** Aim of the exercise **
Return the records exactly, from the first line through the "Image of a caregiving" line.

** Given data **
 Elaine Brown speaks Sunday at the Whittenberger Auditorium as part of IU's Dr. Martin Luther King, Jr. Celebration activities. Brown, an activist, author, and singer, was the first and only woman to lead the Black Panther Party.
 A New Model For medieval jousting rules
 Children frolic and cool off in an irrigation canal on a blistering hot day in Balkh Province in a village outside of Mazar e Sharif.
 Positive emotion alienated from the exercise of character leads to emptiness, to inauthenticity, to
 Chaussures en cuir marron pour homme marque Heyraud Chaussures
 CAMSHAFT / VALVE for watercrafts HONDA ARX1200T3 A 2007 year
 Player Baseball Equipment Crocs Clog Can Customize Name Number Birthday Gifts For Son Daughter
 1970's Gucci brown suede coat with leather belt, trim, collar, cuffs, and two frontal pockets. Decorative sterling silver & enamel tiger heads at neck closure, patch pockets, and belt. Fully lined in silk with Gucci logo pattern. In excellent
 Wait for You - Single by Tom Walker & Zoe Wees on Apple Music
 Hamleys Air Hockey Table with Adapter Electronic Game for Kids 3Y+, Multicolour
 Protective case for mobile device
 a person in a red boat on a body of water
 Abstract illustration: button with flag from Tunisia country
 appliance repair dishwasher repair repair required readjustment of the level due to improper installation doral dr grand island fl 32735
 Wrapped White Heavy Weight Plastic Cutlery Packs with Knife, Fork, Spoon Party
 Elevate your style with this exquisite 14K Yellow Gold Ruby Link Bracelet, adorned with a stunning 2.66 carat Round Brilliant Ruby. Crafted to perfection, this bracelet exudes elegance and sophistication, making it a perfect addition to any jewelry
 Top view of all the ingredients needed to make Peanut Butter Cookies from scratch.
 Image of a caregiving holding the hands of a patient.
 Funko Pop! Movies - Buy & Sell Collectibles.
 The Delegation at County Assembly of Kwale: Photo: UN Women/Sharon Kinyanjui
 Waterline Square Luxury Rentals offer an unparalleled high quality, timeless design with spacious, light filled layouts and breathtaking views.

** Expected answer **
 Elaine Brown speaks Sunday at the Whittenberger Auditorium as part of IU's Dr. Martin Luther King, Jr. Celebration activities. Brown, an activist, author, and singer, was the first and only woman to lead the Black Panther Party.
 A New Model For medieval jousting rules
 Children frolic and cool off in an irrigation canal on a blistering hot day in Balkh Province in a village outside of Mazar e Sharif.
 Positive emotion alienated from the exercise of character leads to emptiness, to inauthenticity, to
 Chaussures en cuir marron pour homme marque Heyraud Chaussures
 CAMSHAFT / VALVE for watercrafts HONDA ARX1200T3 A 2007 year
 Player Baseball Equipment Crocs Clog Can Customize Name Number Birthday Gifts For Son Daughter
 1970's Gucci brown suede coat with leather belt, trim, collar, cuffs, and two frontal pockets. Decorative sterling silver & enamel tiger heads at neck closure, patch pockets, and belt. Fully lined in silk with Gucci logo pattern. In excellent
 Wait for You - Single by Tom Walker & Zoe Wees on Apple Music
 Hamleys Air Hockey Table with Adapter Electronic Game for Kids 3Y+, Multicolour
 Protective case for mobile device
 a person in a red boat on a body of water
 Abstract illustration: button with flag from Tunisia country
 appliance repair dishwasher repair repair required readjustment of the level due to improper installation doral dr grand island fl 32735
 Wrapped White Heavy Weight Plastic Cutlery Packs with Knife, Fork, Spoon Party
 Elevate your style with this exquisite 14K Yellow Gold Ruby Link Bracelet, adorned with a stunning 2.66 carat Round Brilliant Ruby. Crafted to perfection, this bracelet exudes elegance and sophistication, making it a perfect addition to any jewelry
 Top view of all the ingredients needed to make Peanut Butter Cookies from scratch.
 Image of a caregiving holding the hands of a patient.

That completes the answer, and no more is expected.